Jerusalem Film Festival Review: GREEN ROOM

The latest from the director of BLUE RUIN brings us a Nazi Patrick Stewart!

Can we all just agree that Jeremy Saulnier is one of the best and most exciting filmmakers working today? Three films in and it has become clear that Saulnier is something of a budding master, a director whose control of tension make his films thrilling endurance tests. But more than that, he’s a filmmaker with an understanding of his characters, a filmmaker who puts humanity in the center of his tension, and a filmmaker who knows just how valuable a good laugh is along the way.
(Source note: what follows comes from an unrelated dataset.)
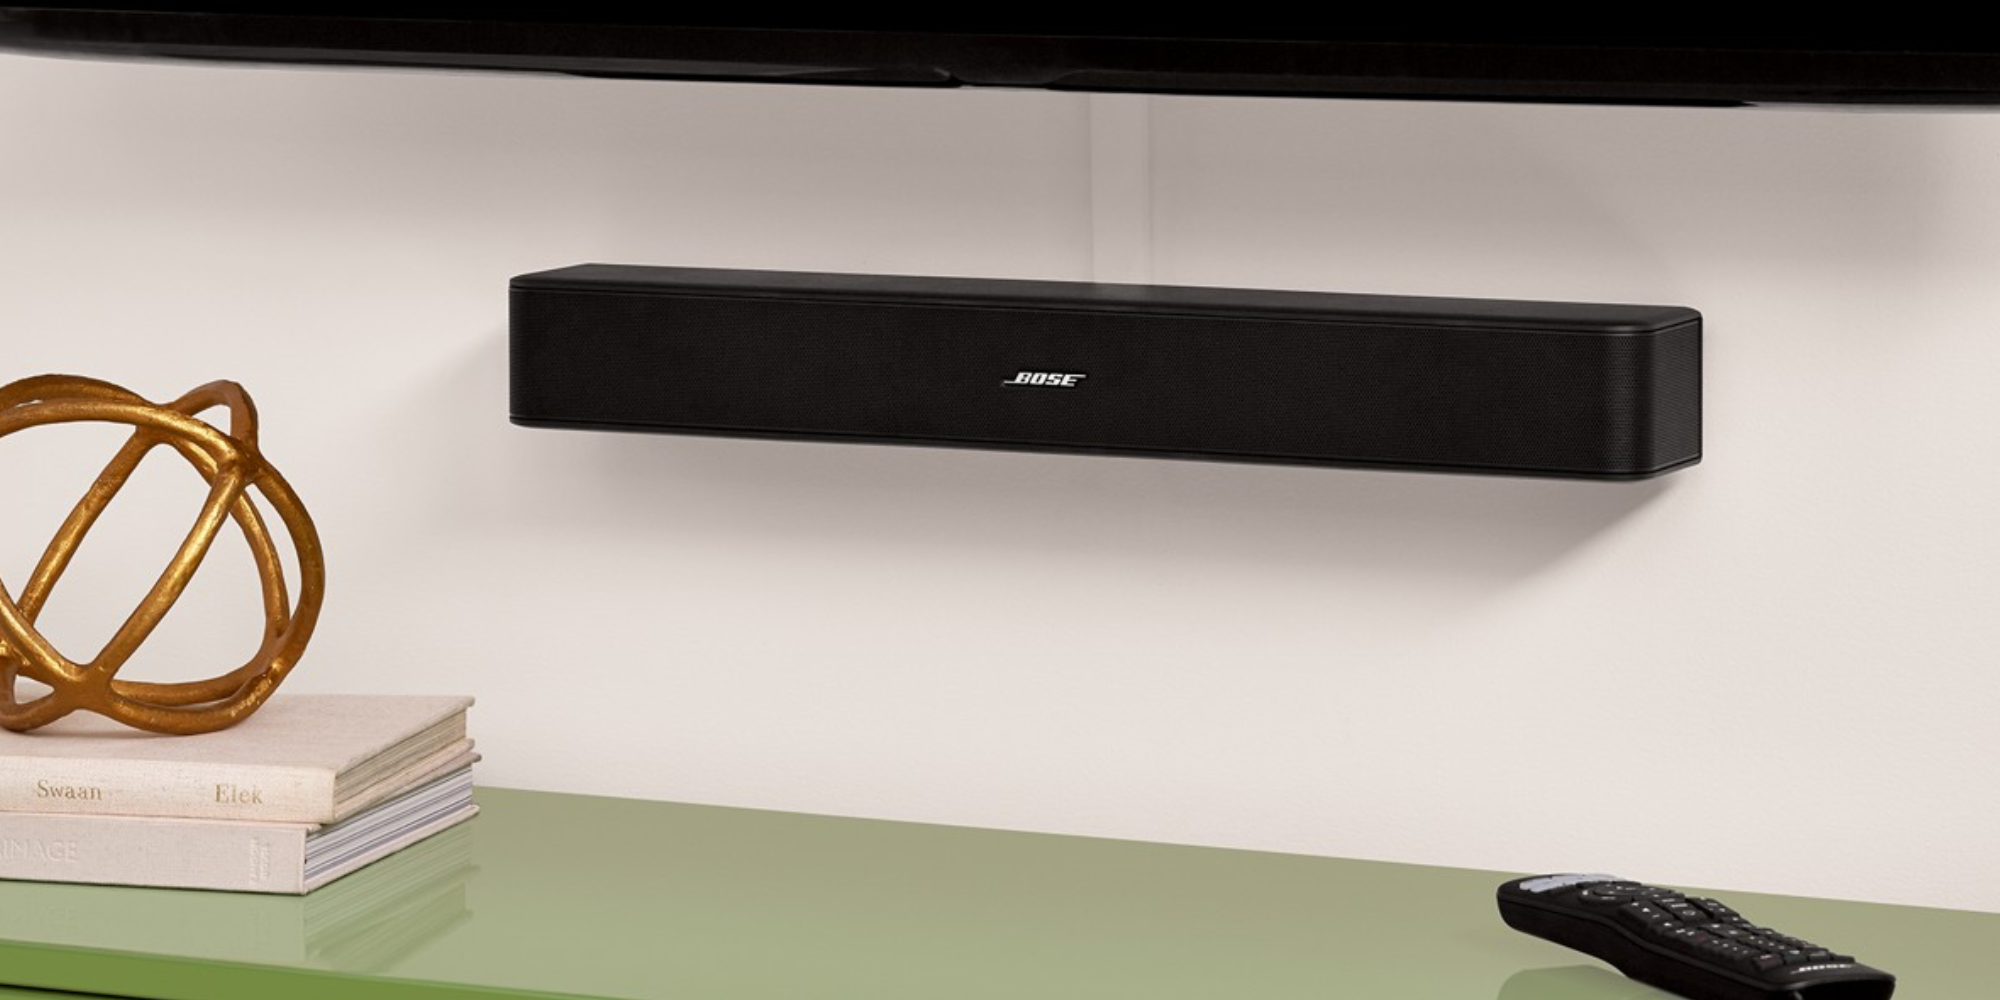 Bose's Solo 5 TV Sound System gives your HDTV the audio boost it

His latest, Green Room, is a stunningly great siege film, a movie that had me sick to my stomach with anxiety. It may not have the rich thematic resonance of his last film, Blue Ruin, but that’s okay - he’s not making that movie again. He’s making a delightfully nasty entertainment, a gorgeously constructed little piece that expertly plays the audience - it’s a thrill ride in the absolute best sense of the term, the kind of tight thriller it takes a truly skilled filmmaker to create.

Anton Yelchin is Pat, the leader of the band Ain’t Rights, a punk group that’s touring the country in a beat up van, playing for beer money and Mexican food. They get an actual paying gig and they take it despite their reservations - it’s a matinee at a skinhead bar in the middle of nowhere. Despite being confrontational (the band opens with a cover of The Dead Kennedy’s Nazi Punks Fuck Off) everything goes well… until Pat walks in on a murder in the green room. Ain’t Rights ends up trapped in the green room as a small force of neo-Nazis prepares to kill them to keep it all quiet.

The leader of that group is Sir Patrick Stewart, giving white supremacist Darcy a chilling intelligence and calm. This isn’t Stewart doing an over-the-top villain but rather creating a man whose calculating violence is far more terrifying than any burst of white power rage. He’s thoughtful, careful and ruthless.

Saulnier, who wrote and directed the film, gives us characters we can care about. Pat isn’t a hero, and when he’s grotesquely wounded early in the film he reacts with the sort of blubbering we hate to admit would come out of us as well. The rest of the band is well-cast, with Alia Shawkat as the thinker of the group and Scott Pilgrim’s Mark Webber as the one guy in the band who can fight. Imogen Poots is fantastic as the Chelsea haired white supremacist who finds herself stuck with the band, and Macon Blair returns from Blue Ruin to play Gabe, Darcy’s endlessly regretful right hand man. Each of these characters - and even many of the secondary skinheads - feel real and complete, not like cannon fodder waiting to get offed in sometimes truly gruesome ways.

The pacing of the film is absolutely perfect, with Saulnier making everything impossibly tense before deflating it all enough to allow you to catch your breath. As the film hits the third act you feel wrung out, like you’ve been through a night of survival horror yourself, and the movie’s finale has an exhausted feel that is perfect beneath grungy grey Pacific Northwest dawn skies. It’s a complete experience that will send you staggering out of the theater.

If Blue Ruin examined the futility of violence, Green Room sees Saulnier poking around at the edges of its righteousness; this film has fewer shades of grey than Blue Ruin, which forced its lead to be confronted with the humanity of the family he wanted to annihilate, but Saulnier still manages to get some murkiness into his morality. Yes, it’s wonderful seeing skinheads get theirs, but at the same time he presents a picture of young men who are misled and confused. He never quite lets us off the hook for enjoying the moments when Nazis meet their splattery ends.

What I love most about Green Room is that it’s so different from Blue Ruin while also clearly being the product of the same filmmaker. Saulnier isn’t just doing the same thing again and again, and here he’s letting loose in something more like a conventional thriller than Blue Ruin’s meditation on revenge. That doesn’t mean Green Room is any less intelligent or deep, but simply that it’s going for a very different effect. Each of his movies have been different so far, and I am incredibly excited to see what this extraordinary director brings us next.